Friday, August 10, 2012

Inca Night



PHOTOGRAPHER'S JOURNAL ("Why Here?" concluded):   Final whispers.... one more "sandcastle" shot, this one in the shadowed hush after the sun has passed beyond the ruins, the tourists have nearly all gone home, and the empty city sleeps. My camera is helpless before my obsession. 


Wednesday, August 8, 2012

Deliquescence




JAMES TYBERONN: "The 'double vortex' is two concentric energy rings that act as templates for the both the magnetic and electrical vortexes around Machu Picchu. In this concentric circular template an outer energetic ring of clockwise motion draws energy into the perimeter of Machu Picchu. This magnetic vortex has a diameter of approximately 7-10 kilometers. The inner electrical vortex has a diameter of approximately 2 kilometers. It circulates counter-clockwise and is fed by an outpouring of vertical columns of light from locations within the inner circle. The opposite directions of clockwise magnetic (inward) and counter-clockwise electric (outward) telluric flows are unique."

PHOTOGRAPHER'S JOURNAL ("Why Here?" part 17):  Why here? Looking for the Incas behind Machu Picchu is nibbling at the precipice beside a cloud forest of science, pseudo-science and prehistory. The more we stare into the empty mist the more fantastic the shifting, shadowy shapes become, but the city is innocent of all that.  Is that the final truth of Machu Picchu?  I rub my eyes from staring too fixedly.

Tuesday, August 7, 2012

Parapet View




PHOTOGRAPHER'S JOURNAL ("Why Here?" part 16): What led the Inca's to one of the most inaccessible places on the planet?  One answer is that it's hard to imagine them not coming here. Their science had calculated the position of the equator, their spiritual life followed the rhythms of the sun and moon. One goes to the highest spot, the top of the mountain to learn more about such things. 

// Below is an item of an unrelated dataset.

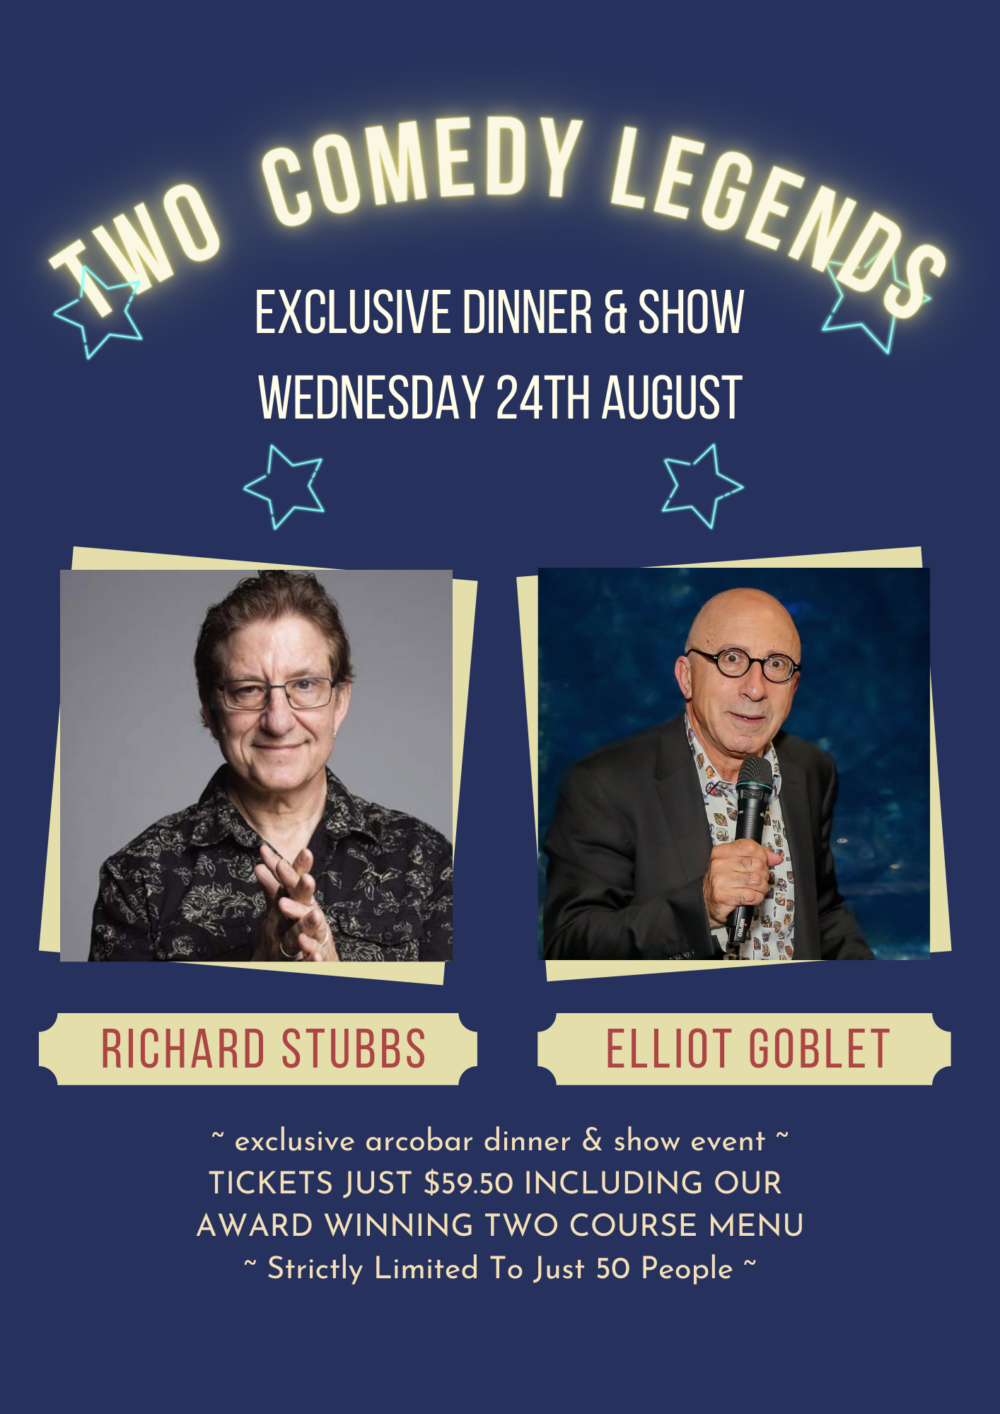 Comedy LEGENDS Dinner & Show - Featuring Melbourne's Own Richard Stubbs & Special Guest Elliot Goblet

When they first came here, did they already understand the profound connections that bind parts to the whole, the interconnectedness of all things, of all planes of being; or did they gain that knowledge by coming here? Had they already precisely regulated their farming to astronomical events? Had they already developed the systems of conservation that regularly produced surplus goods, the terraced farming methods that made idle land productive, the ingenious systems of irrigation? Where did they learn those tricks for accurately dividing stones and for seamlessly binding them into interlocking walls that resist the shaking of the earth? Where did the principles of their intricate statecraft come from that set the relationship of the individual to the community and the community to the divine monarch? Were the roots of the state only in the evolution of familial and tribal institutions, or were some of them learned here first? 

Of course people have always, gone to the mountaintops to receive "truth." What is to be learned there? The higher we keep going, the lonelier we seem. Did the Incas feel that too? They went to mountaintops to tether the sun to keep it from abandoning them. There's also power, energy that many of us feel there, whatever its source. What do we take from that energy? What wisdom can we learn there to take back home?



Sunday, August 5, 2012

Dialogue





PHOTOGRAPHER'S JOURNAL ("Why Here?" part 15): Photographing at Machu Picchu was not what I expected it would be. I went there for the sandcastle magic that had thrilled me the first time I saw a postcard picture of the city. The reality of the place was much different. One can't help but be awed by the grandeur of the valley and the mountains and the architecture, but it's more than the immensity. Immensity made tangible? It's like no other heights I've stood upon. I lack the words and struggle to capture it in images. 

It was hard to imagine people living here in the cold stone huts, hard to imagine the walls hung with Inca rugs, mats on the floor, hard to imagine living beings inhabiting there, no matter how much I felt the Inca presence.

Also, I hadn't anticipated the shutter-triggering frisson and energy from the clash of careful Inca stonework against the raw, mountain monoliths arrayed everywhere as far as I could see.

Best of all, however, was the light show as the sun set. It was a short window of light while I was there, but it was enough to know that Machu Picchu is a funhouse of light for photographers, and I want to go back.